Exercise details
Once you have located the line containing "January 2021 Iphone" in the material below, return it exactly along with each line after it through the line containing "Recent LCPS Communication".
═════ Given information ═════
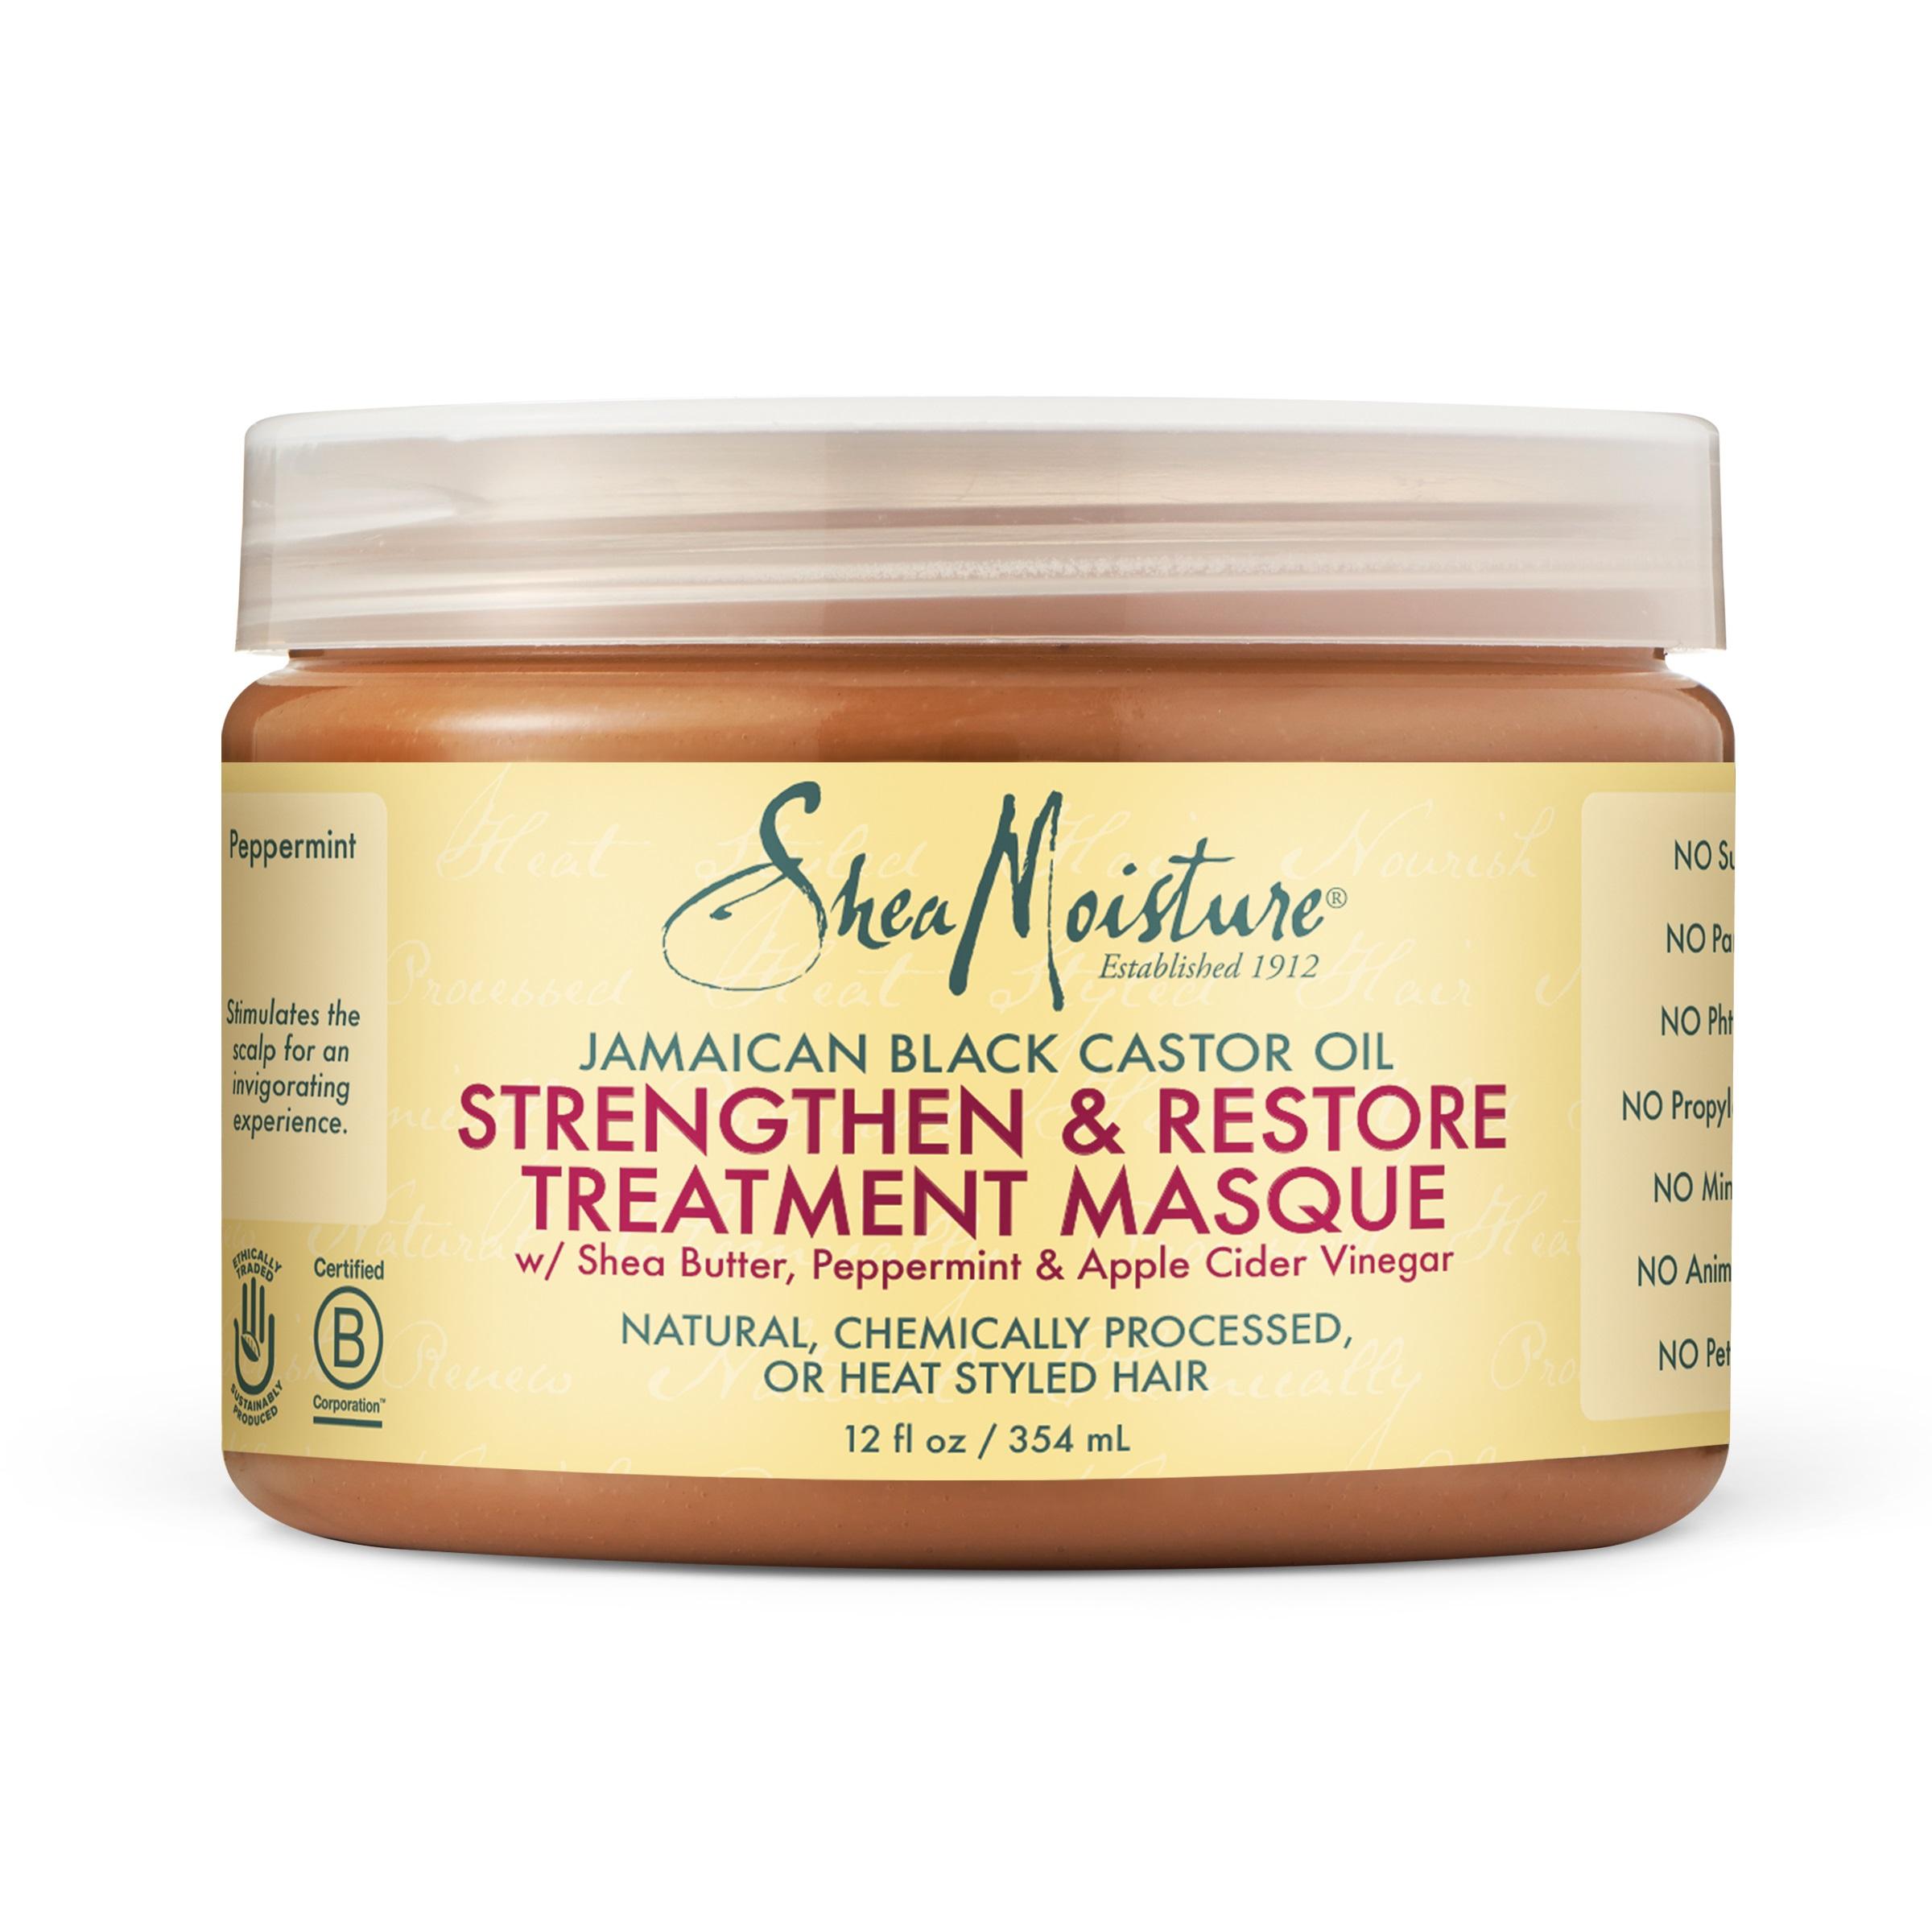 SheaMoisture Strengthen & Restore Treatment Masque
═════
═════ Given information ═════
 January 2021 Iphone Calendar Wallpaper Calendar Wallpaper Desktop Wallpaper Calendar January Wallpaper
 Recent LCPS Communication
═════
═════ Given information ═════
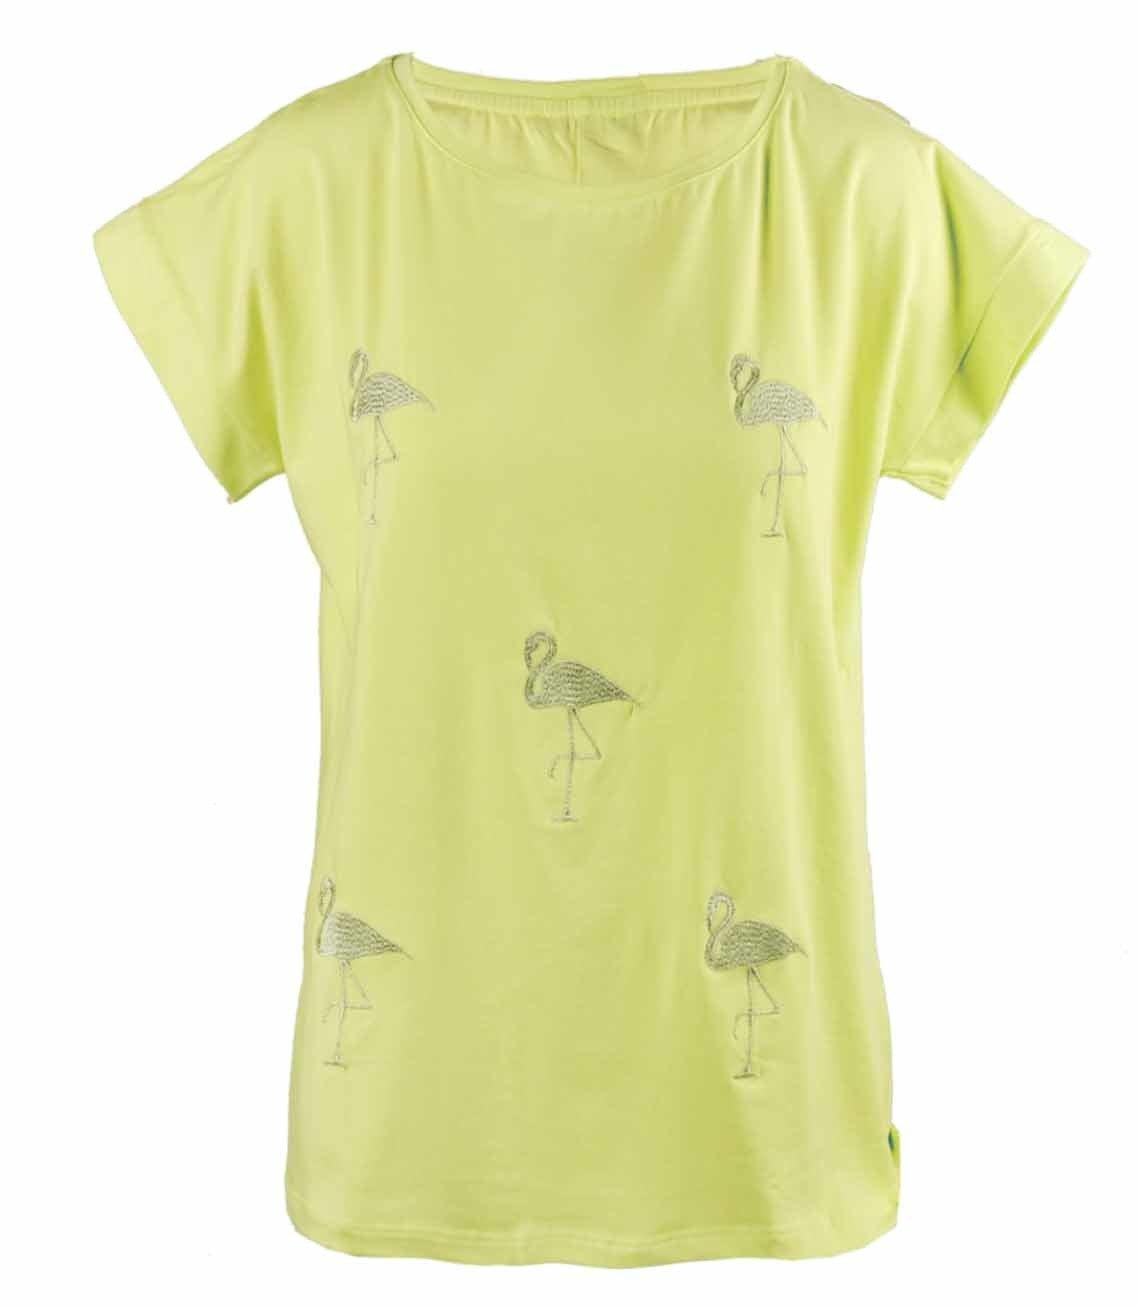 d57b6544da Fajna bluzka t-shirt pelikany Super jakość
═════
Solution to the exercise
 January 2021 Iphone Calendar Wallpaper Calendar Wallpaper Desktop Wallpaper Calendar January Wallpaper
 Recent LCPS Communication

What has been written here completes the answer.